Generating a Playwright script from a passing AI run is the part of E2E test authoring where the underlying model has the most leverage. It shapes how fast a clean script lands, how readable it ends up, and how much each generation costs.

Two of the strongest "deep tier" frontier models are credible candidates for the job today. Anthropic's Claude Opus 4.7 has been our incumbent. OpenAI's GPT-5.5 (codename Spud) shipped a couple of weeks later, with a pitch around stronger tool use and tighter reasoning. We swapped both into the same generation flow, against the same source AI runs, and recorded everything that came out.

This post is the writeup.

TL;DR

	Reliability	Avg duration	Avg LLM cost	Cost variance
Claude Opus 4.7	All passes	67s (3 steps) / 94s (5 steps)	$0.19 / $0.33	±2¢, very tight
GPT-5.5	All passes	262s (3 steps) / 418s (5 steps)	$0.45 / $0.99	±15¢, wide

On these workloads, GPT-5.5 was roughly four times slower and two and a half to three times more expensive on raw LLM spend, with comparable headline reliability inside a controlled bench. The interesting story is in where the cost gap comes from, and how predictable each model is.

The setup

A focused comparison rather than the eleven-model sweep we published last month. Two source AI runs from a real customer test plan against a real production CRM:

Create contact (3 steps)
Add property (5 steps)

Same source runs, same target. Both routed through OpenRouter so per-token pricing is directly comparable in one dashboard, and both ran with reasoning effort set to "high".

We ran each source repeatedly through both models and aggregated. The Opus pass landed twenty clean generations. The GPT-5.5 pass we cut short at fourteen because the cost and duration profile was already obvious and we wanted the credit balance back. This is a focused snapshot, not a full harness sweep.

Headline numbers

Per-source aggregates, averaged across all completed generations, raw LLM cost reported in cents from the OpenRouter response (so prompt caching and any provider-side discount is already baked in):

Source	Model	n	Avg duration	Min/Max duration	Avg LLM cost	Min/Max cost
Create contact (3 steps)	Opus 4.7	10	67s	59 / 79	$0.189	$0.18 / $0.20
Create contact (3 steps)	GPT-5.5	10	262s	213 / 347	$0.450	$0.31 / $0.62
Add property (5 steps)	Opus 4.7	10	94s	82 / 107	$0.333	$0.32 / $0.34
Add property (5 steps)	GPT-5.5	4	418s	337 / 496	$0.988	$0.78 / $1.07

Rolling all sources together: Opus finished 20 clean generations for $5.22 total. GPT-5.5 finished 14 clean generations for $8.45 total. Same pipeline, same prompts, same browsers, same machine.
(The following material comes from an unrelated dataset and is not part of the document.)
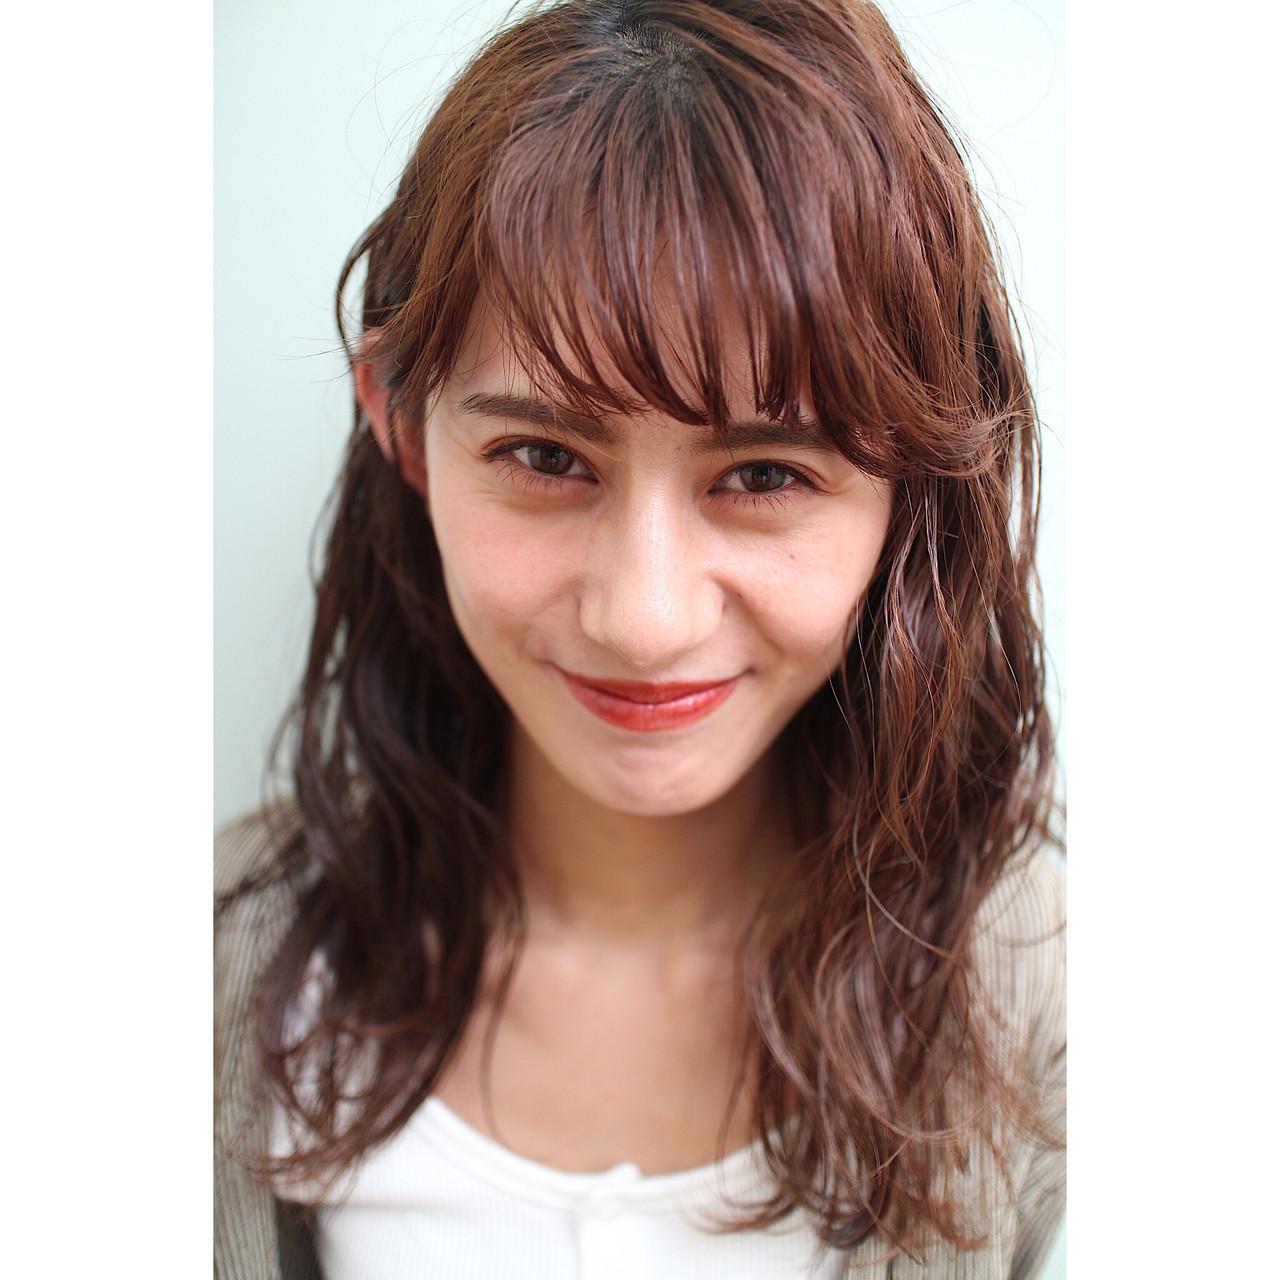 前髪パーマ ナチュラル 前髪あり 簡単スタイリング ヘアスタイルや髪型の写真・画像 | 市田莉子 / BEAUTRIUM265

Where the cost gap comes from

The dominant factor is reasoning chain length. With reasoning effort pinned to "high", GPT-5.5 visibly spends longer thinking on every model call. Opus 4.7 closes the same prompt in seconds of model time. GPT-5.5 sits on it for a minute or two. Reasoning chains are billed, so the per-call invoice scales with the wall. The same 5-step plan that Opus 4.7 produces a script for in around 90 seconds and 33 cents takes GPT-5.5 around seven minutes and 98 cents.

The script content itself is also subtly different in ways that matter for what you actually get for the money. We pulled the generated scripts back out and read through them by hand. The two models produce visibly different outputs from the same input, in two dimensions:

Opus 4.7 writes terser scripts. GPT-5.5 writes more thorough ones.

On the simpler 3-step prompt (Create contact), Opus shipped scripts with zero post-action assertions. Every step ends with a click and a screenshot. The test name claims it "verified the details on the record page", but the body just clicks Save. That script "passes" as long as the page does not crash, regardless of whether the contact actually got created. Across multiple runs of the same prompt, this pattern was completely consistent.

GPT-5.5 on the same prompt wrote assertions that mapped to the prompt's acceptance criteria: URL contains /contacts, name visible, email visible, phone visible. Same Save click, but the test actually checks the result.

On the 5-step prompt the gap was narrower. Both models wrote assertions, but GPT-5.5 still leaned more defensive. It added explicit visibility waits before screenshots, used level: 1 / level: 2 on heading roles to disambiguate, scoped iframe locators with negated title patterns, and added "modal hidden after save" checks. Opus's output was tighter and read better, but skipped some of these guards.

Opus 4.7 is dramatically more consistent run to run. Two Opus runs of the same prompt were byte-identical. Two GPT-5.5 runs of the same prompt diverged on selector strategy, assertion shape, and which dimensions to verify. So if you regenerate a script later as the UI shifts, Opus output is closer to a deterministic transformation; GPT-5.5 output mutates more.

So the cost-gap story is partly about reasoning tokens, and partly about what each model spends them on. Some of the GPT-5.5 spend buys real coverage (more assertions, more waits). Some of it buys variance.

Variance is the second story

The first table tells you Opus is faster and cheaper on average. The variance numbers tell you Opus is also a lot more predictable.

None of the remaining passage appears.